Stories
Slash Boxes
Comments

Dev.SN ♥ developers

posted by LaminatorX on Monday February 24 2014, @12:30PM   Printer-friendly
from the Can-I-get-some-dips-with-that? dept.

Rashek writes:

"Intel and Qualcomm just announced their roadmaps for mobile System on a Chip at this year's Mobile World Congress.

Intel presented performance numbers of their Merrifield SoC, a dual-core Silvermont based SoC that's effectively the phone version of Bay Trail, with some carefully chosen benchmarks that compared it to Apple's A7 SoC and Qualcomm's Snapdragon 800 series. Meanwhile, Qualcomm revealed future 64-bit Snapdragons for its mid-tier Snapdragon series. The Snapdragon 610 and 615 will arrive in Android smartphones in Q4 of this year and are four and eight core implementations of ARM's Cortex A53."

 
This discussion has been archived. No new comments can be posted.
Display Options Breakthrough Mark All as Read Mark All as Unread
The Fine Print: The following comments are owned by whoever posted them. We are not responsible for them in any way.
  • (Score: 3, Informative) by mth on Monday February 24 2014, @02:14PM

    by mth (2848) on Monday February 24 2014, @02:14PM (#6013) Homepage

    The 64-bit ARM instruction set drops some features that were in the 32-bit instruction set to simplify its implementation in hardware. That could lead to a lower power consumption, although I don't know if it does in practice.

    I'm also not sure how large the contribution of the SoC is to the overall phone power use: how often applications access the radio might be more relevant. In general the screen is also a significant power user on mobile devices, but in the case of a phone the screen will be off most of the time.

    Starting Score:    1  point
    Moderation   +2  
       Informative=2, Total=2
    Extra 'Informative' Modifier   0  

    Total Score:   3  
  • (Score: 2) by TheRaven on Tuesday February 25 2014, @05:54AM

    by TheRaven (270) on Tuesday February 25 2014, @05:54AM (#6517) Journal

    Note that ARMv8 requires both AArch32 and AArch64 to be implemented, so you still need the extra complexity to exist, although it may be unpowered. I wouldn't be too surprised if the second generation of ARMv8 chips just include a pure-AArch64 core and a Cortex-A7 or A15 with the ability to switch between them. Unlike Thumb, it is not possible to mix AArch32 and AArch64 in the same program, so you need a full context switch to go between them, so you may as well just have a completely separate 32-bit chip on the die that you only power when you're running 32-bit code.

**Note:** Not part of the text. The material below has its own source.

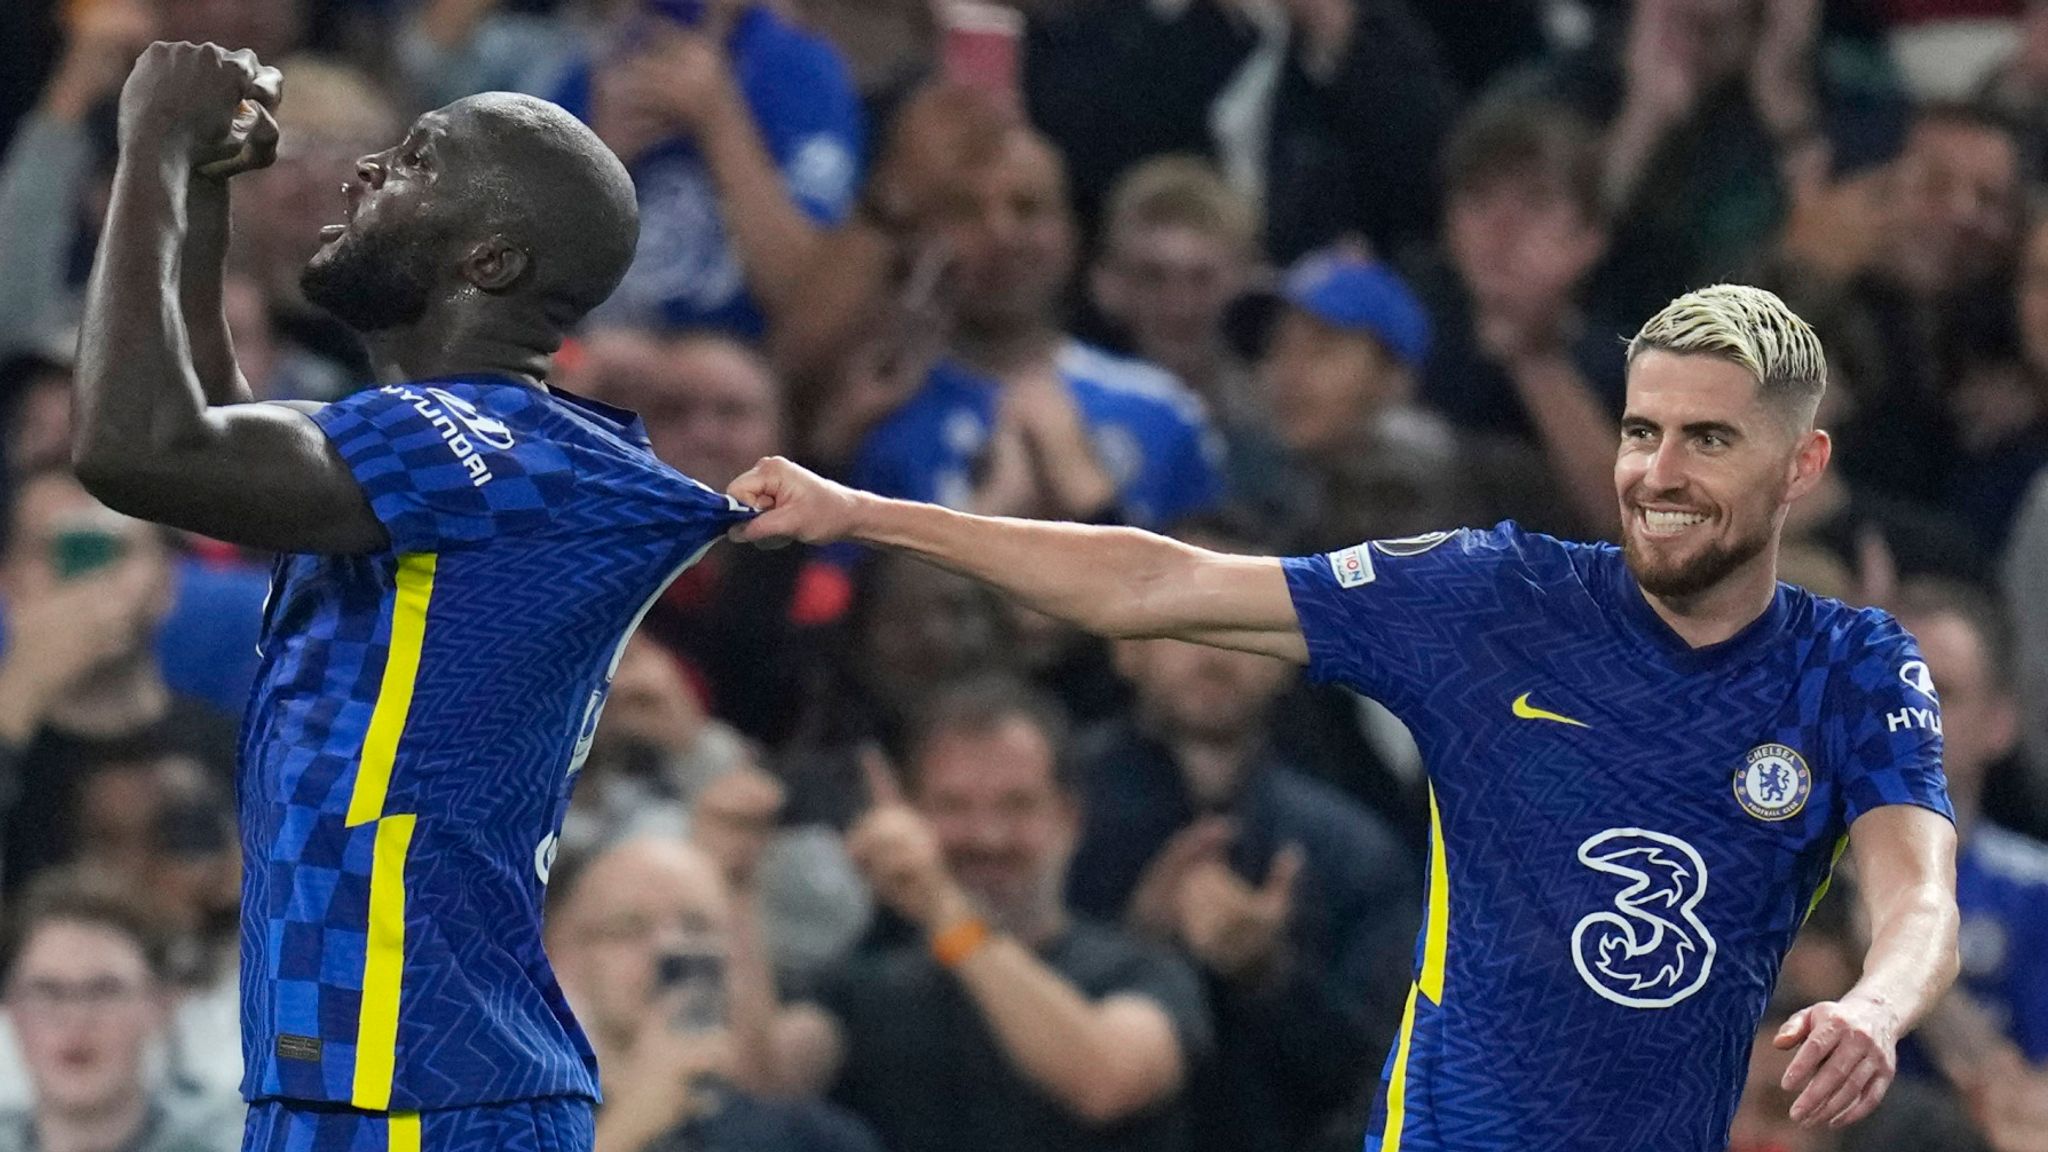 Chelsea 1-0 Zenit: Romelu Lukaku&#39;s second-half header hands under-par Chelsea victory on opening night | Football News | Sky Sports

    The two big simplifications in AArch64 mode are moving PC from the GPR space and removing the load / store multiple instructions. The former means that branch prediction is easier because only specific branch instructions can be branches. In AArch32, you can do fun things like implement vtable-based branches by a load instruction with pc as destination. This means that you need to decode operands early in the pipeline to get the instruction to the branch predictor early enough for it to be used. It's also annoying for simple jumps (e.g. add 32 to the program counter), because you need to effectively just do the instruction early, but you can't use the normal forwarding paths on an out-of-order architecture. With explicit branches, you can simplify the forwarding paths a lot.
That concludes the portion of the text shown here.